Ultimately, Rowe said, the failure to secure President Trump and a death and injuries to rallygoers was “a failure of imagination” to see that “we actually do live in a very dangerous world where people do actually want to do harm to our protectee.” However, he added, “We didn’t challenge our own assumptions. We assumed that someone is going to cover that.”

Authorities have played a lengthy blame game since the shooting, and Rowe’s comments are sure to rankle local officers who have cited a lack of communication from the Secret Service and delays in responding to the shooter and are still participating in an after-action investigation by the FBI. “We are looking at this, and they should have been on the roof, and the fact they were in the building is something I’m still trying to understand.” Mr. Rowe said, promising the Secret Service would do better in the future in its coordination efforts.

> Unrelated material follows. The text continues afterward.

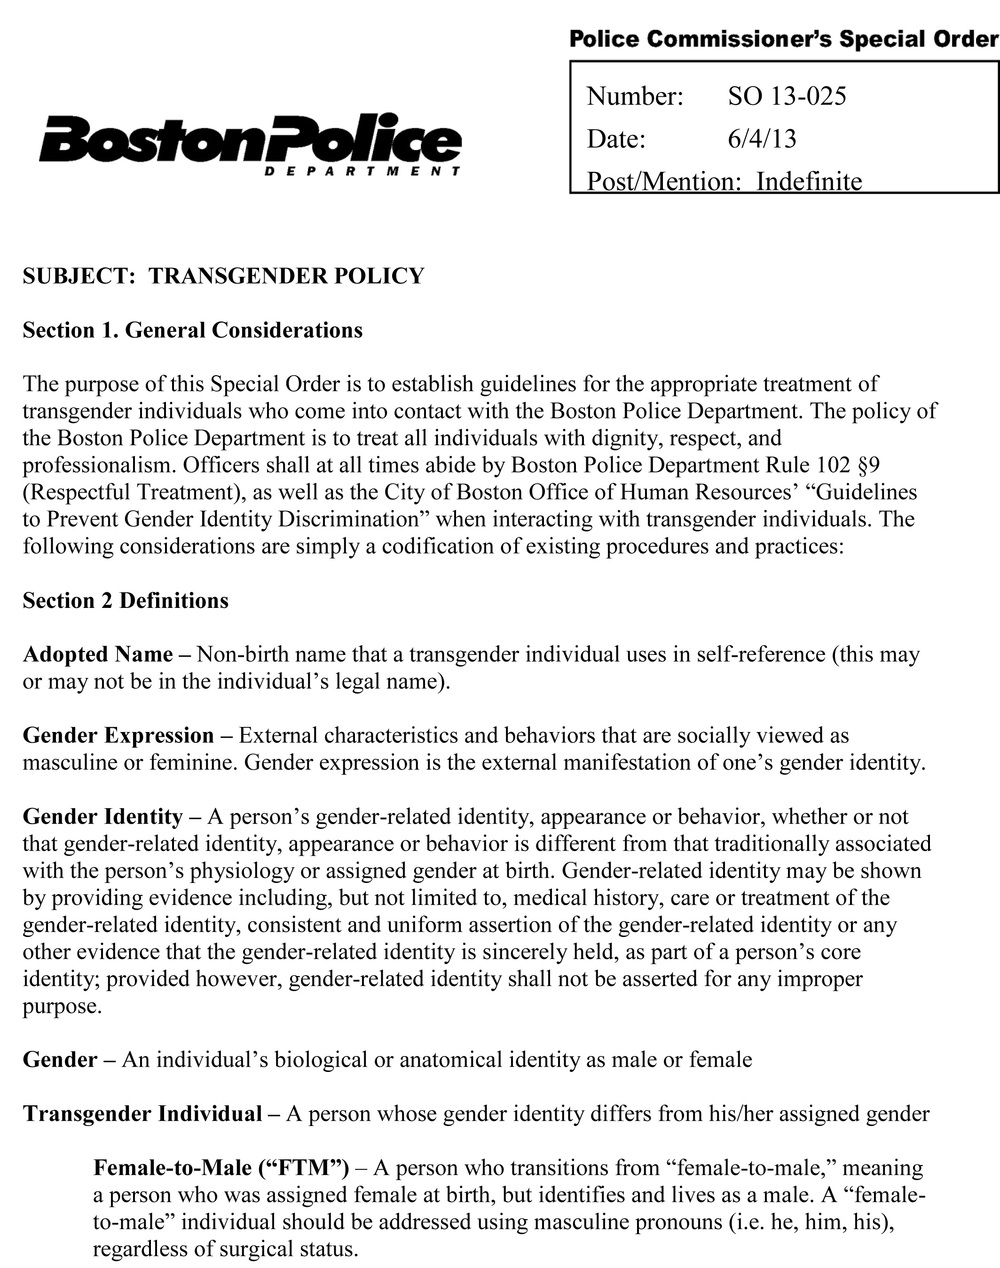 Police Commissioner's Special Order-1.jpg

That explanation wasn’t good enough for Sen. Josh Hawley (R-MO) who aggressively questioned the acting director about his previous denials of additional security to President Trump and asked why no one in the agency has been fired as a result. “Isn’t the fact that a former president was shot, that a good American is dead, that other Americans were critically wounded — isn’t that enough mission failure for you to say that the person who decided that building should not be in the security perimeter probably ought to be stepped down?” Hawley asked him. “I want to be neutral and make sure that we get to the bottom of it and interview everybody in order to determine if there was more than one person who perhaps exercised bad judgment,” Rowe replied, saying he does not want to “zero in on one or two individuals.”